The cost of installing an RSJ will depend on several factors, including, the size of the beam, the ease of access to your property, your location in the UK and whether you will be paying for any additional costs.
The table below breaks down the estimated supply and labour cost for the installation of a universal beam RSJ installation.
|Size of RSJ||Estimated Supply Cost||Estimated Labour Cost||Time Estimated||Estimated Total Cost|
|1 metre RSJ (universal beam)||£30-£120 inc VAT||£400||One to three days||£430-£520|
|4 metre RSJ (universal beam)||£95-£240 inc VAT||£600||One to three days||£695-£840|
|6 metre RSJ (universal beam)||£180-£360 inc VAT||£800||One to three days||£980-£1,160|
A one metre RSJ is expected to cost you between £30-£120 in supply costs and £400 in labour costs, with the total estimated cost for installation between £430-£520.
The reason for the high labour costs is because you should hire an extremely qualified builder as well as a structural engineer to ensure that the RSJ support can hold up the intended load.
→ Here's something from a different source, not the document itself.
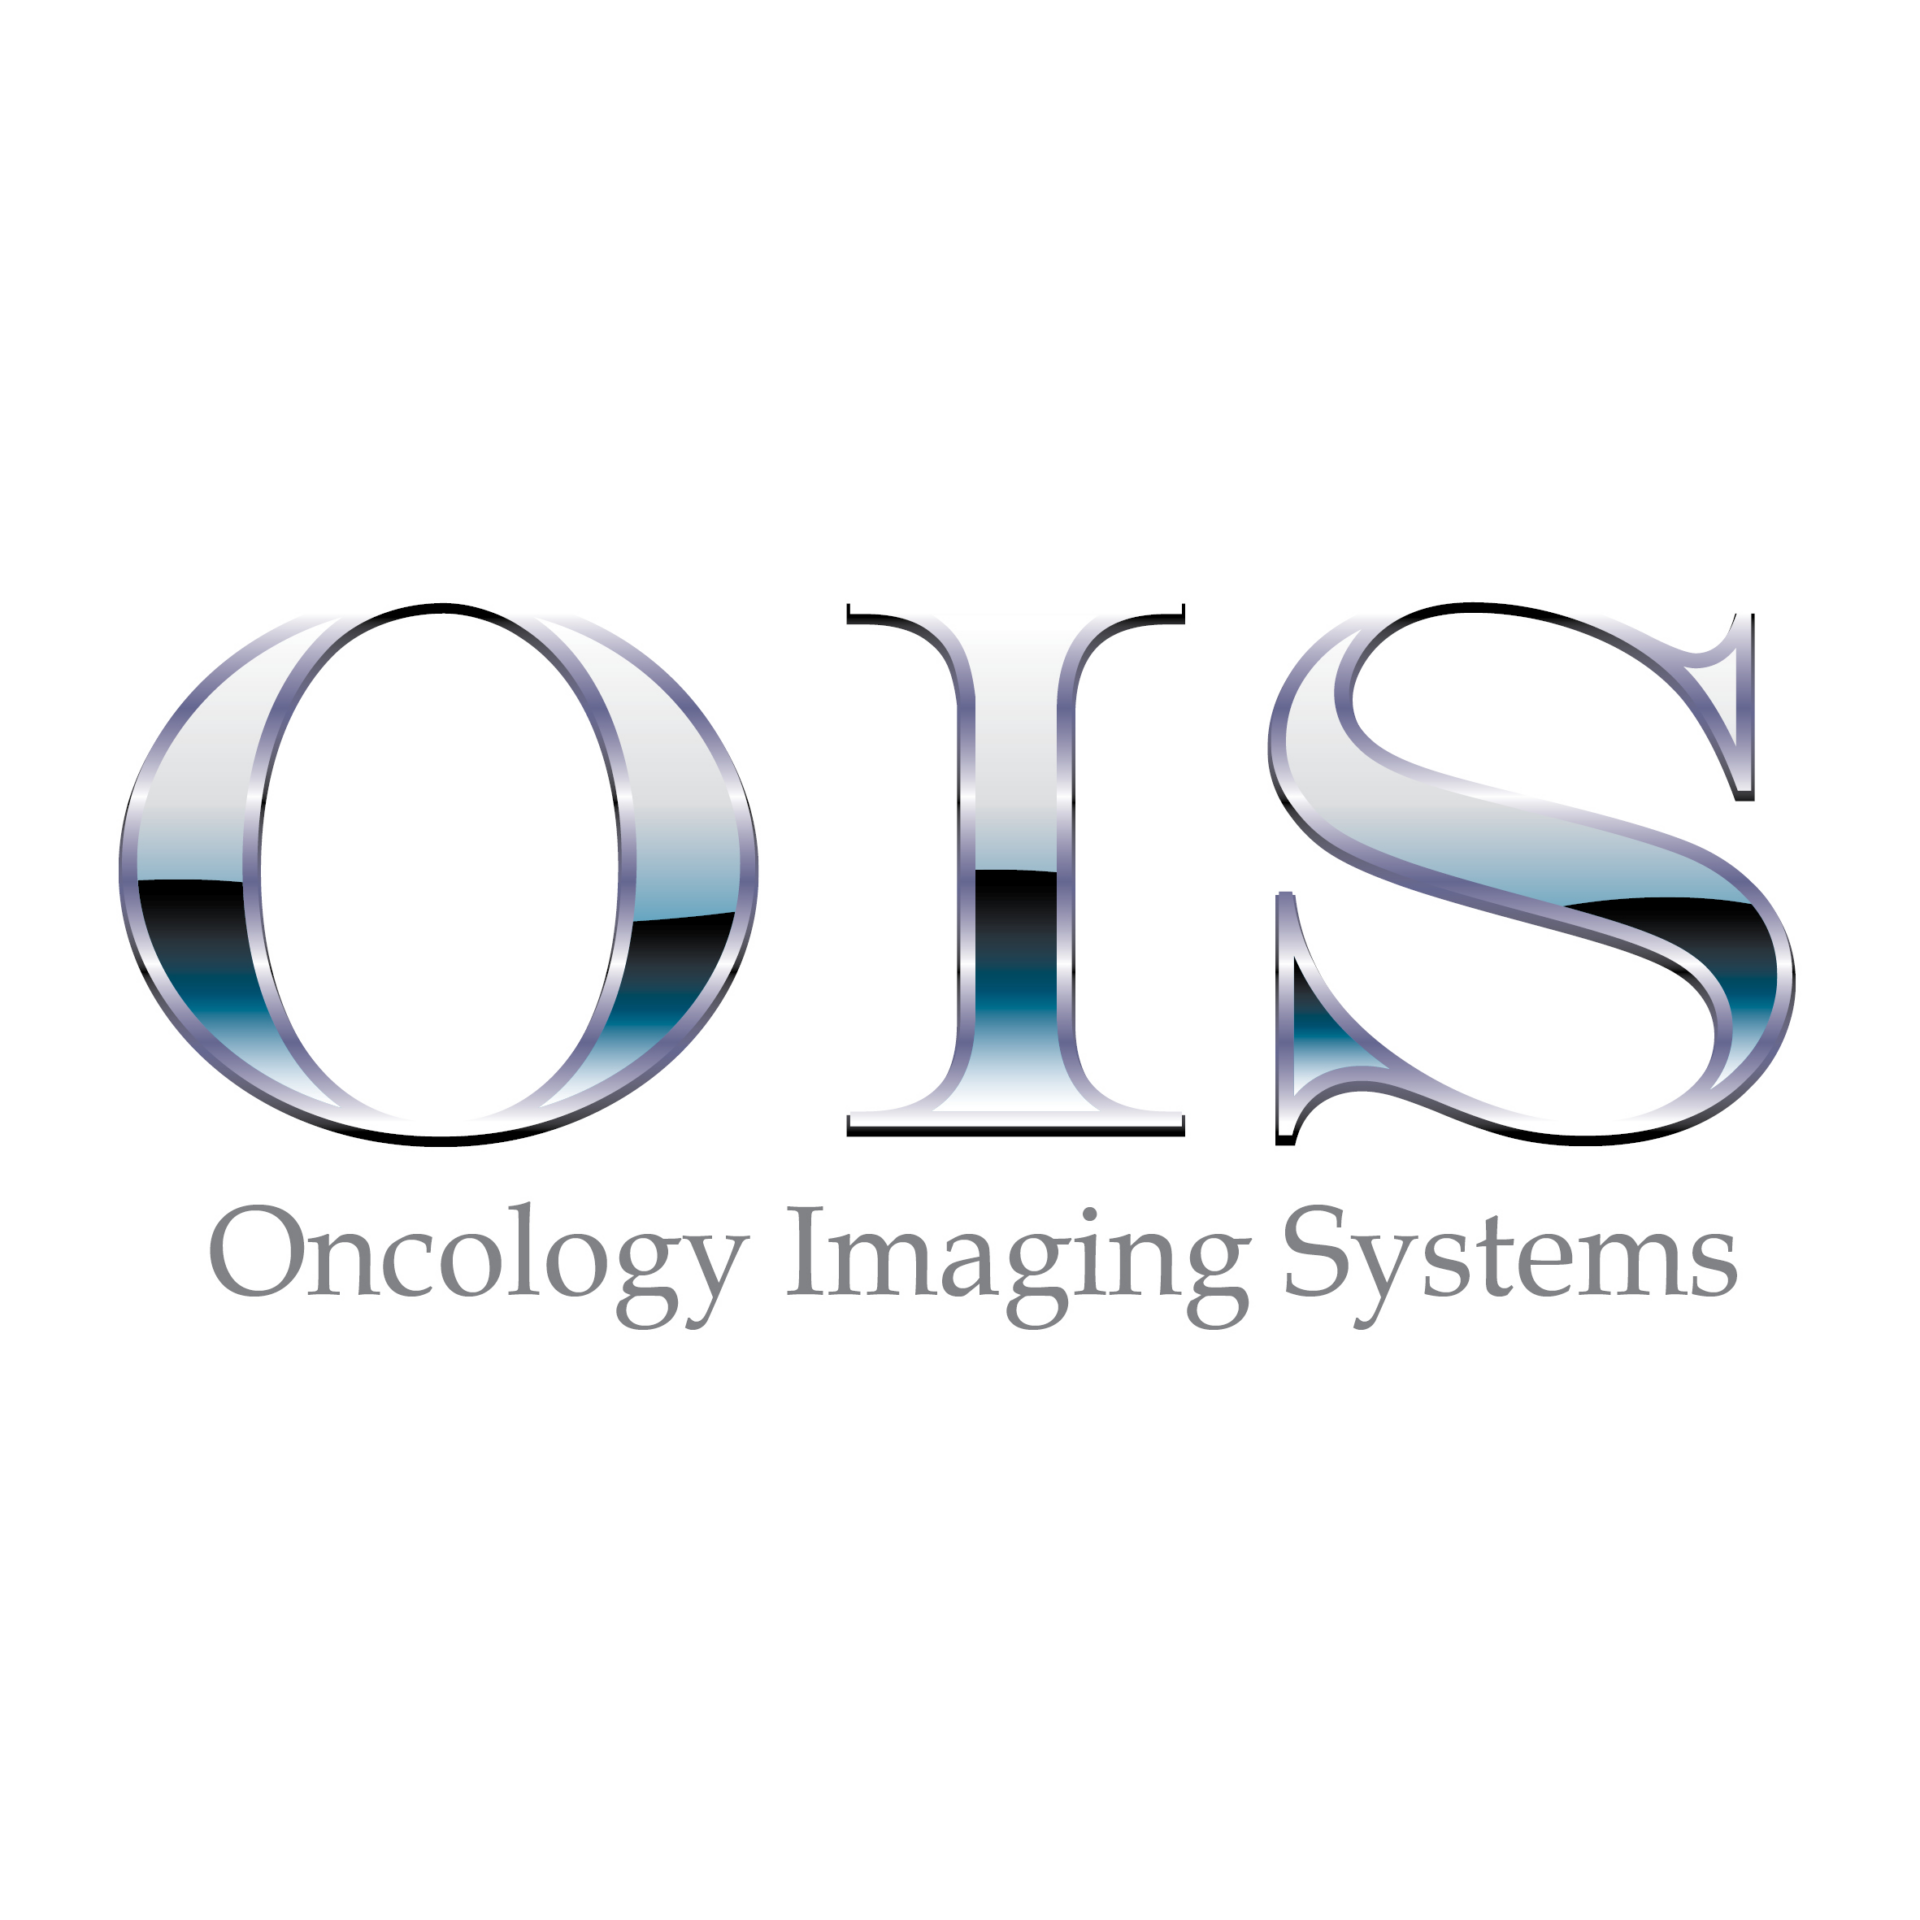 Oncology Imaging Systems Ltd

This will make sure that the structural integrity of your home is not compromised and is safe to live in.
A four-metre RSJ is estimated to cost you between £95-£240 in supply costs and £600 in labour costs, with the total estimated cost for installation between £695-£840.
A six-metre RSJ is estimated to cost you between £180-£360 in supply cost and £800 in labour costs, with the total estimated cost for installation between £980-£1,160.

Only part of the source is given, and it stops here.